Results 65% of Spanish children were boys, while in Mexico were 85%. Mean age at onset was higher in Mexican population (12 ± 3 years) than Spanish (10 ± 4 years), with a greater duration of symptoms in the latter group. 94% of Spanish patients were Caucasian, while in Mexico predominated white-Indian (64%). Frequency of HLA-B27 was higher in Spain (47%) than Mexico (27%), as well as family history of SpA (45% and 18%, respectively). Almost all children in both countries had some type of musculoskeletal symptom (95% in Spain and 94% in Mexico). However, the pattern was different between both countries. In Spain predominated peripheral arthritis affecting lower extremities and in Mexico peripheral enthesitis, followed by peripheral arthritis and inflammatory pain. No differences in the number of tender, swollen or limited joints. In Spain 9% had some axial entheses affected and 44% some peripheral, while in Mexico, these percentages were much higher, 36% and 85% respectively. No significant differences were found in metrology and average modified Schober in both populations was 6 cm. There was also no significant difference in the C-HAQ, or BASDAI and BASFI indexes, although values were slightly higher in Mexico. Among the diagnoses at baseline, more patients in the Mexican cohort had ankylosing spondylitis in (61%) than in the Spanish (7%), and conversely, undifferentiated and psoriatic JSpA were more prevalent in the Spanish patients (46% and 36%, respectively) than in Mexicans (36% and 3%, respectively).

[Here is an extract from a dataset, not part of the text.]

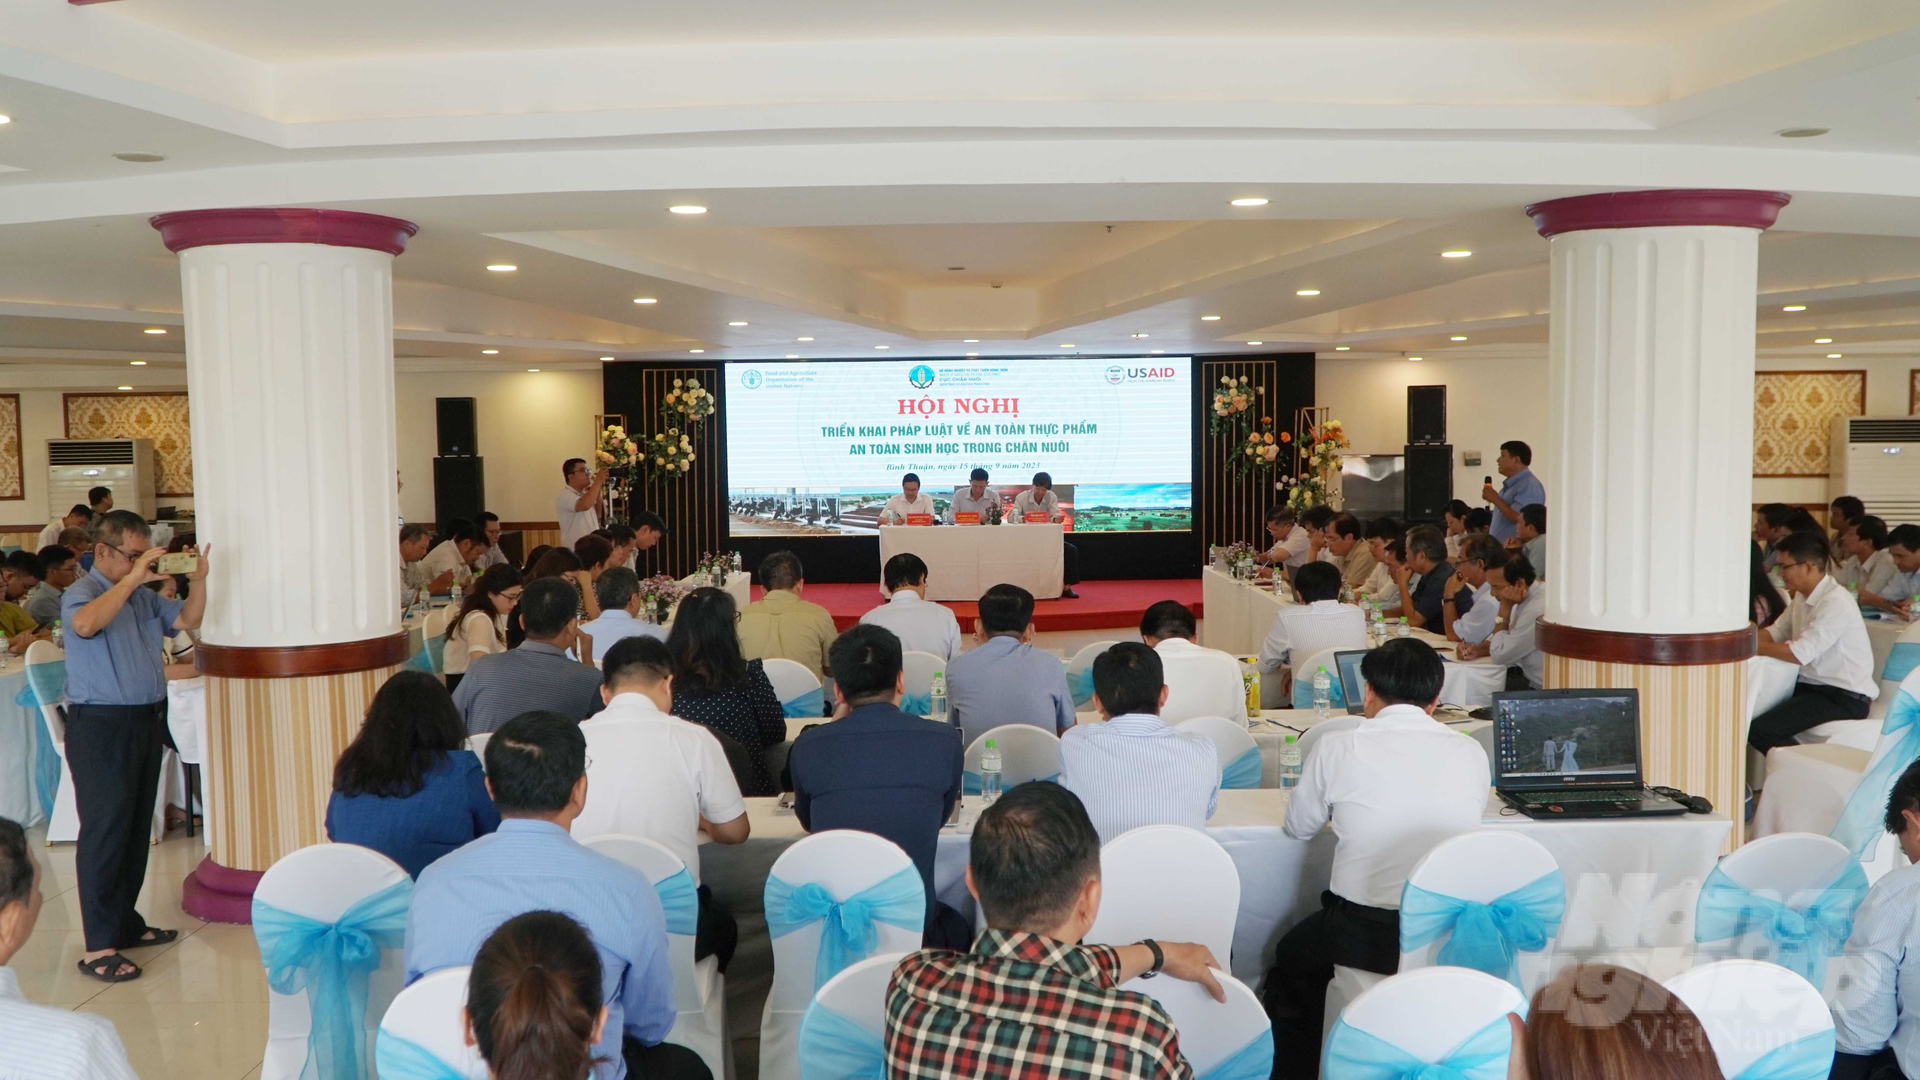 Hội nghị có sự tham dự của đại diện 32 tỉnh thành phía Nam. Ảnh: Lê Bình.

Conclusions Results show a different pattern of musculoskeletal involvemente between Spain and Mexico. Differences could be related to several aspects including social and environmental factors, age of onset and different JSpA subtypes. However, probably the main explanatory factor is genetic background, with a higher frequency of HLA-B27 in Spanish patients, while there is a stronger association with HLA-DRB1*08 and LMP-2 in Mexican patients, which predispose to more severe manifestations in this group.